THE PIXEL PROJECT
Contrapondo a fotografia química, cuja definição da imagem dependia do nº de pontos e do seu tamanho; ou seja, quanto maior o ponto menor o nº que compunham a imagem, logo menor definição. O processo na imagem digital é um pouco diferente, porque o tamanho do pixel não varia, o que varia é o seu número; quanto mais pixeis mais definição da imagem.
A este processo equiparou Donald Kuspit ao impressionismo de Seurat, na qual a pincelada se equiparava ao pixel. Neste sentido, a imagem digital pode ser encarada como uma enorme trama de cores que associadas de determinada maneira configuram uma imagem.
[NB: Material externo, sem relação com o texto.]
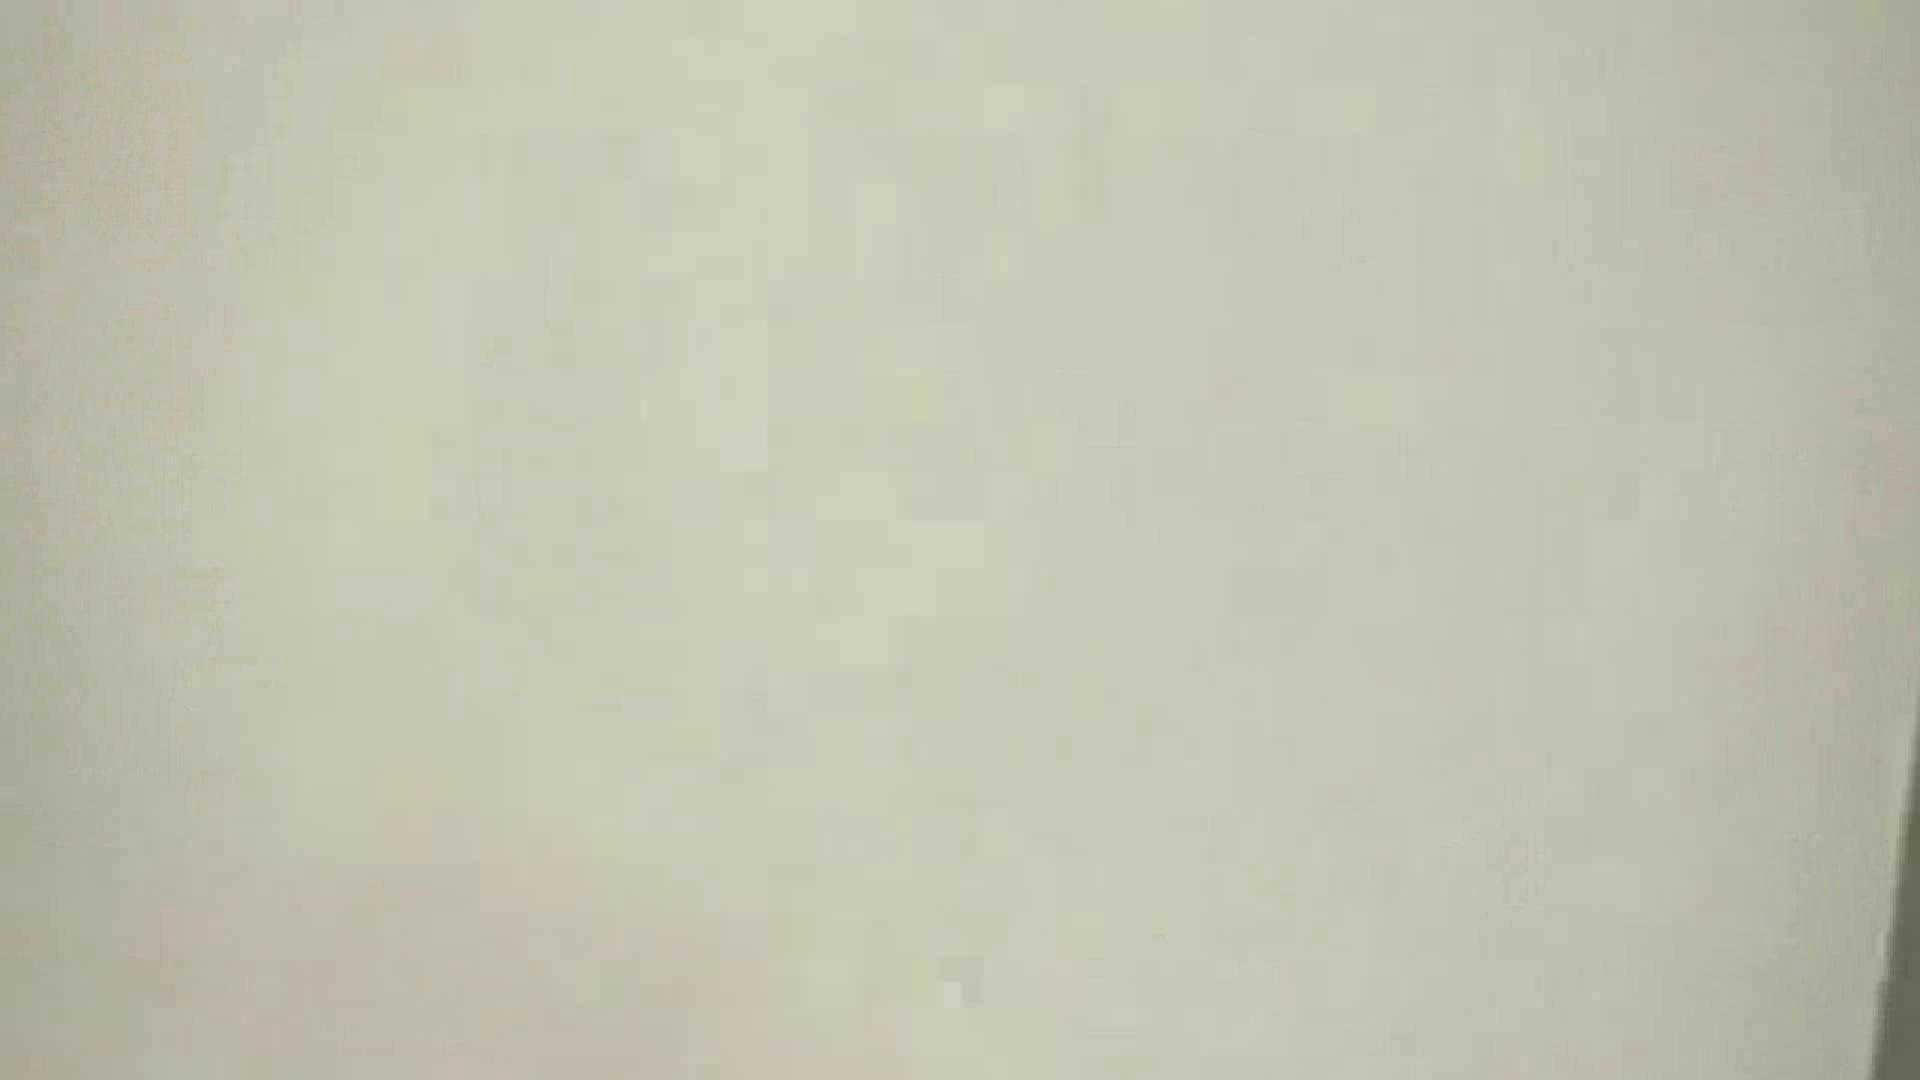 ロックハンドさんの盗撮記録File.74 厠・・・ アダルト動画キャプチャ 106PIX 20

Este projecto apresenta a maior participação desde a sua abertura em Outubro de 2007: 47 propostas. Foi árdua a selecção das maravilhosas propostas que chegaram à direcção do museu, entre as quais foram apuradas 28: A. Bill Miller (EUA), António Azenha (Portugal), Arthur Tuoto (Brasil), Ben Dunkle (EUA), Bruno Bresani (Brasil), Bryant Dameron (EUA), Dora Águila (Chile), Eva Lewarne (Polónia), Henry Gwiazda (EUA), Jesus Aguilar (México), Jesvin Yeo (Singapura), Jinson Joseph (Índia), Jorge Simões (Portugal), Josh Parkins (EUA), JudsoN (EUA), Karl Larson (Inglaterra), Lemeh42 (Itália), Marco Bonvini (Itália), Matthias Fitz (Alemanha), Moskal (Polónia), Osvaldo Cibils (Uruguai), Pato (Portugal), Rick Niebe (Itália), Rosa Menkman (Holanda), Rui Antunes (Portugal), Sarawut (Tailândia), Steve Hoskins (EUA), SofyY (Rússia).